In the srfi examples, 'digit' is used as a named character set, but
it's not documented (only num and numeric are). Chibi seems to
recognize 'digit' as well. Is it a real charset, or do we need to
update the examples?
It's a non-standard Chibi extension, so the examples should be fixed.
In the sample implementation, all three of num, numeric, and digit are defined in terms of the local implementation of charset:digit from SRFI 14. The definitions of charsets given in that SRFI are Java-1.0-specific rather than Unicode-blessed and are desperately in need of an overhaul. The Right Thing is to match characters iff they have character class "Nd" in the most recent UnicodeData.txt file. Guile is known to be out-of-date on this, and probably some other Schemes as well.
Many sre forms accept multiple <sre> but it's not exactly clear how to
interpret it. For example, what does (submatch <sre-1> <sre-2>) mean?
I suppose it's the same as (submatch (seq <sre-1> <sre-2>)) though I'm
not sure if that's intended.
It's always "implicit seq", like the "implicit begin" in similar Scheme constructs like lambda and define.
It's even worse with w/case and w/nocase
I confess to finding this part baffling as well.
(~ sre1 sre2 sre3) could use some elaboration too. It briefly mentions
"complement _of union_" in the syntax summary. (- sre1 sre2 sre3)
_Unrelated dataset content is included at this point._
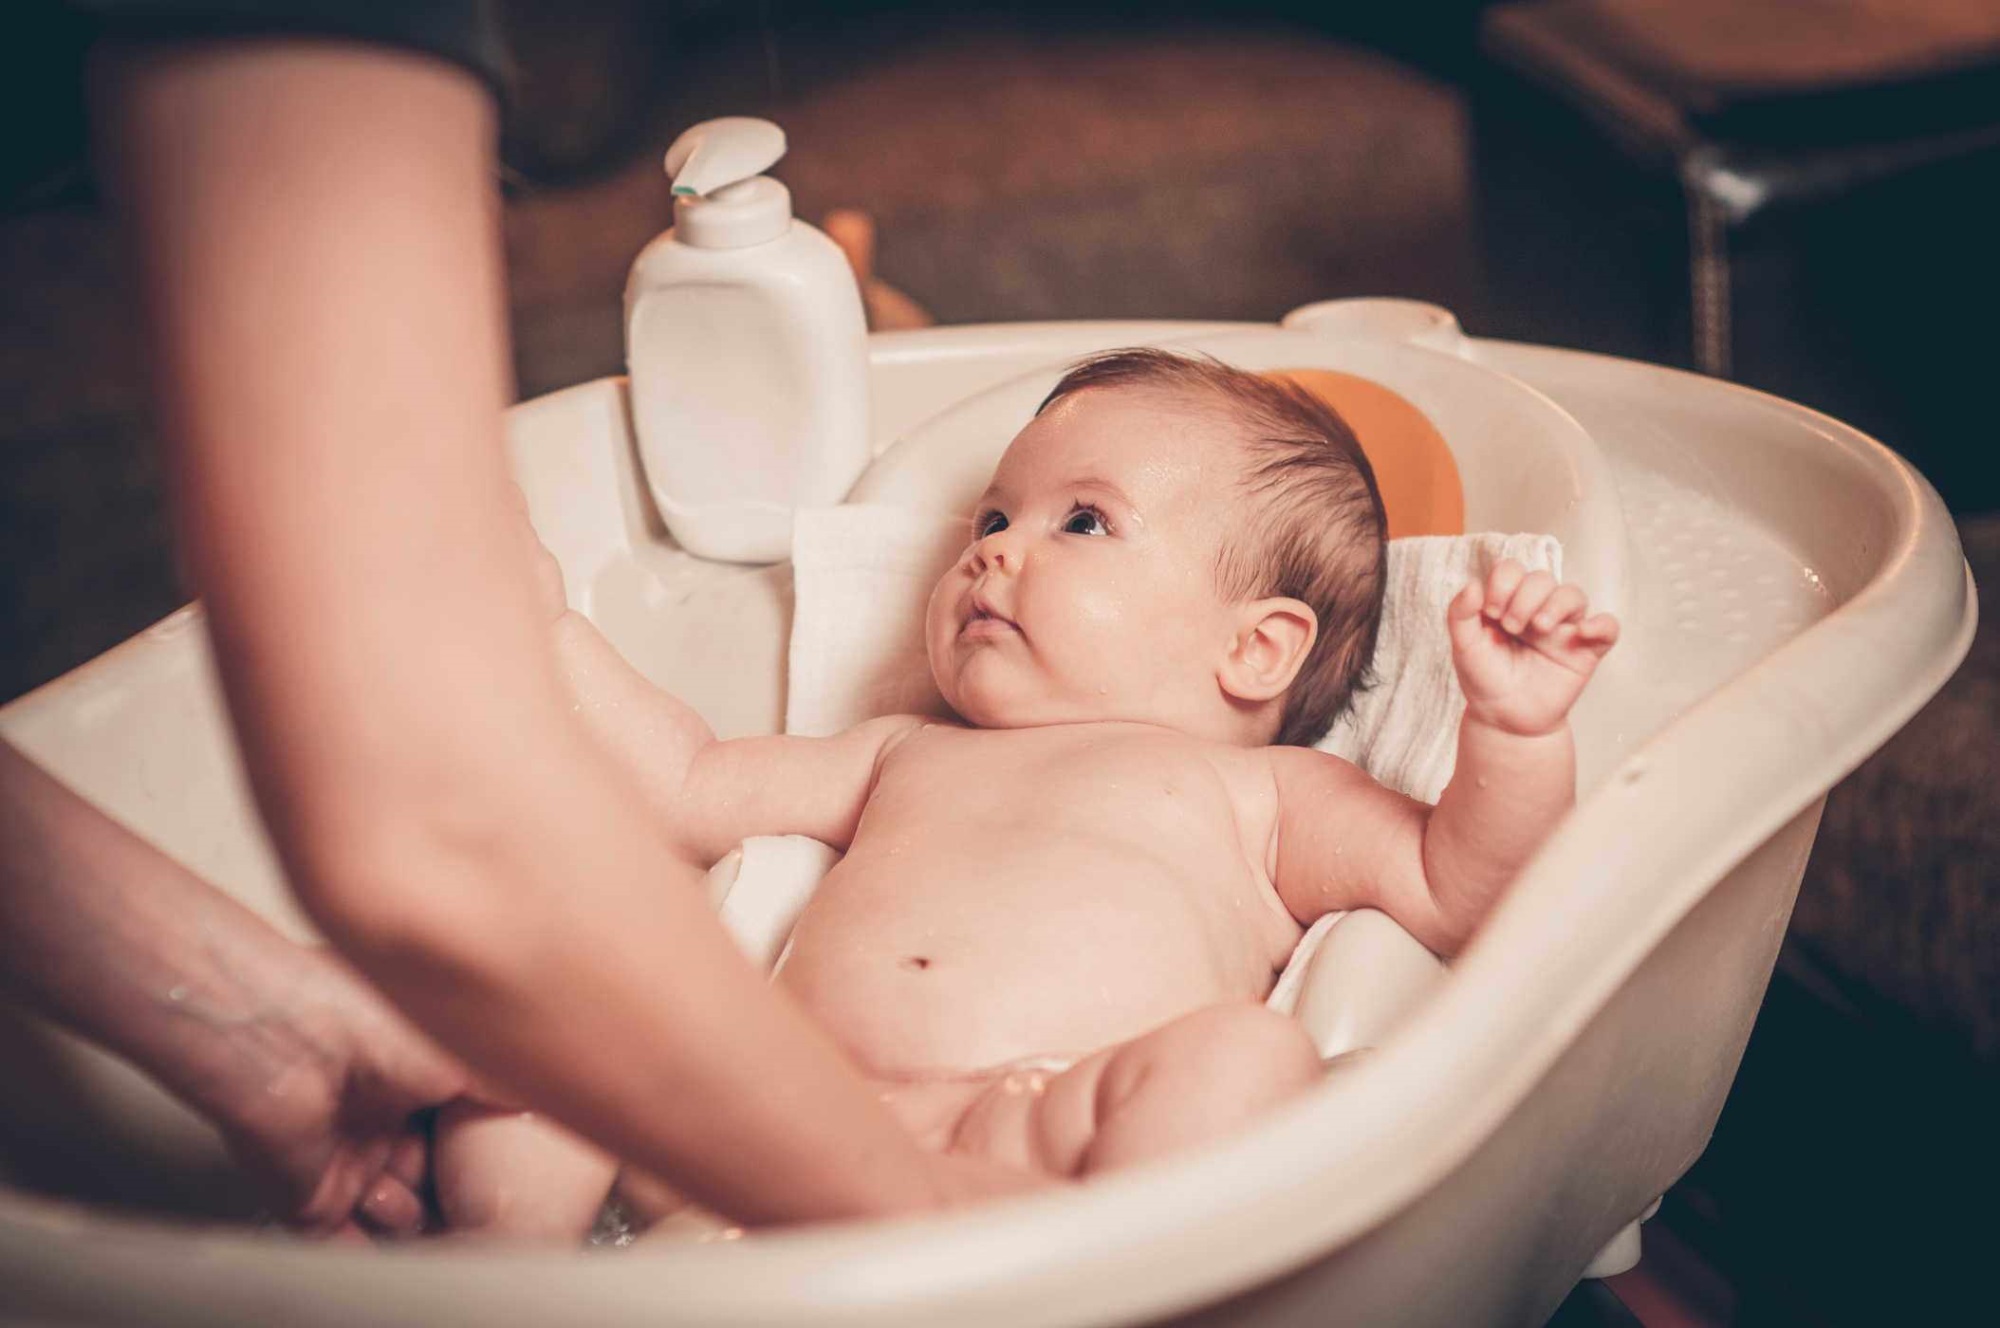 Chi tiết tắm đúng cách cho trẻ sơ sinh và những lưu ý mẹ phải nhớ - Ảnh 1

follows the same "of union" rule according to chibi scheme, though it
feels weird because (- 1 2 3) is (- (- 1 2) 3) not (- 1 (+ 2 3)).''
I don't follow you. In Scheme, (- 1 2 3), (- (- 1 2) 3), and (- 1 (+ 2 3)) are all -4, which could be described as "difference of sum". (Long ago I worked with a Lisp in which - and / were right-associative, so that (- 1 2 3) was (+ -1 +2 -3), but that has never been true in any mainstream Lisp.)